Later, after college and graduate school, she worked for Amnesty International and saw photographs of women from around the world, the bruised and broken faces of women who had suffered from domestic violence.
Both experiences contributed to the writing of her play, Poof! The photographs were the most immediate inspiration, shocking her with their imagery and bearing witness that domestic violence affects all races, nationalities and classes. The childhood memory hovered in the background, speaking to the everyday threat of domestic violence and the kind of hidden, strangely ordinary tragedy it causes.

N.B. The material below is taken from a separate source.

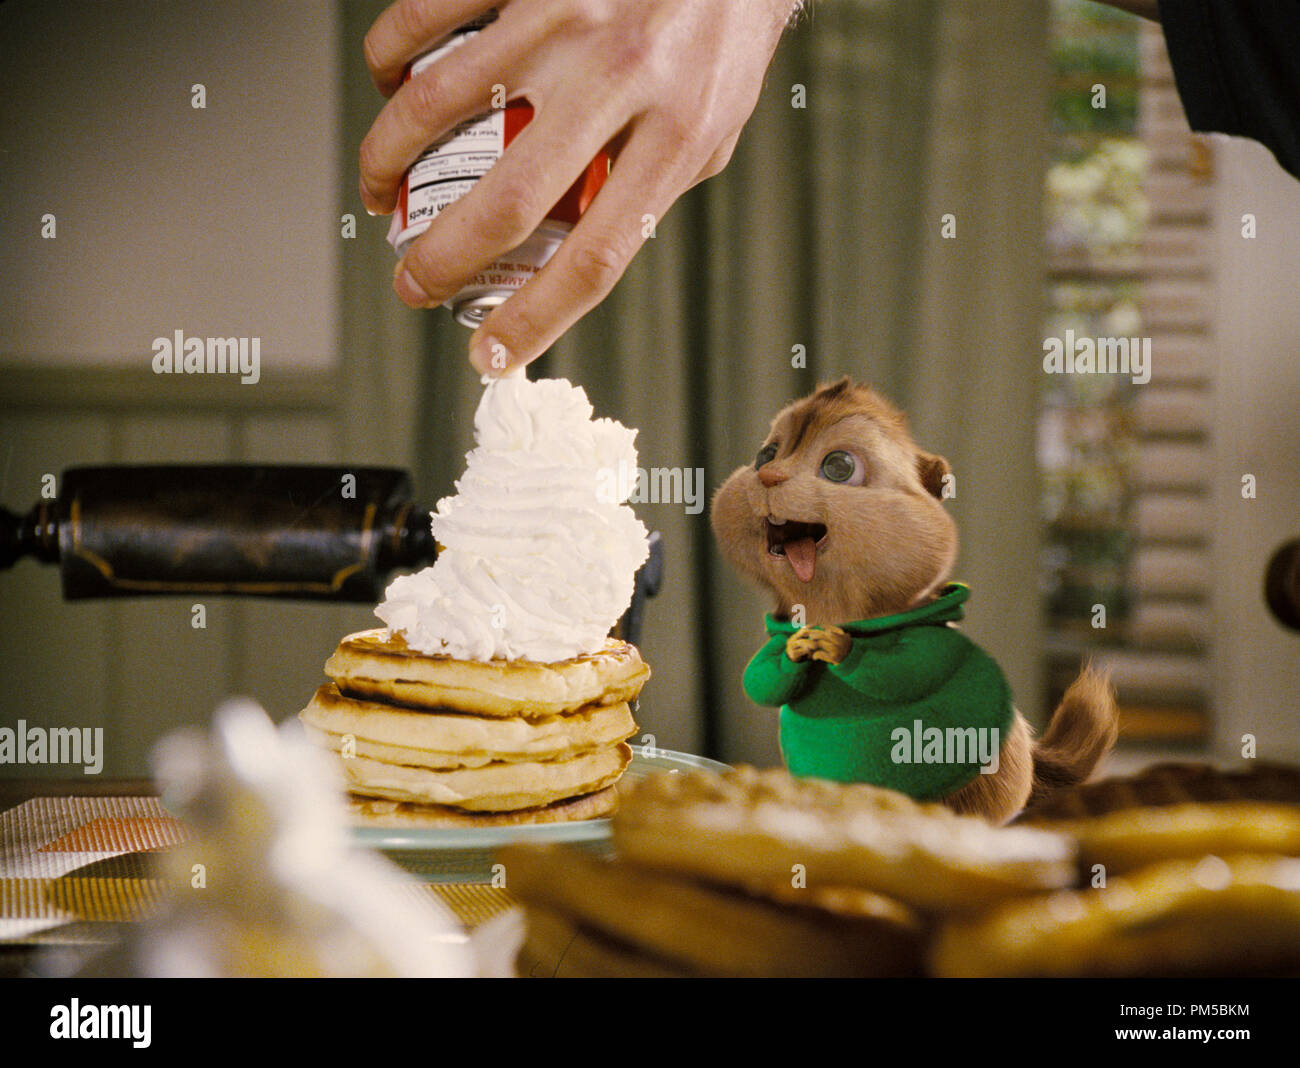 Studio Publicity Still from 'Alvin and the Chipmunks' Theodore © 2007 20th Century Fox Photo credit: Rhythm & Hues    File Reference # 30738696THA  For Editorial Use Only -  All Rights Reserved Stock Photo

Lynn Nottage saw Poof! as rooted in the African-American and Hispanic communities in which she grew up. But Poof! has been translated into Spanish, Chinese, Japanese, and Welsh. It has been performed around the world. Audience reactions have been especially intense in Asia and Latin America.
In the Classroom
- Students might discuss how the writer's personal experiences found their way to the theater. How did the beating Nottage saw as a girl "sensitize" her to the problem of domestic violence?
- After seeing the photographs at Amnesty International, Nottage might have written a magazine article about domestic violence. Would that have been more effective than a play? How can a play about two women address a problem that affects millions of women around the world?
- The televised version of Nottage's play opens with street scenes interspersed with "photographs" of a variety of women. Those same women reappear at the end of the play when Loureen is sitting at the dinner table. What is the function of these women?
- How can a play written by an African-American about her community be understood in another culture? How can art reach across national and cultural boundaries? What can explain the play's cross-cultural appeal? Why have audience reactions to Poof! been especially strong in Asia and Latin America?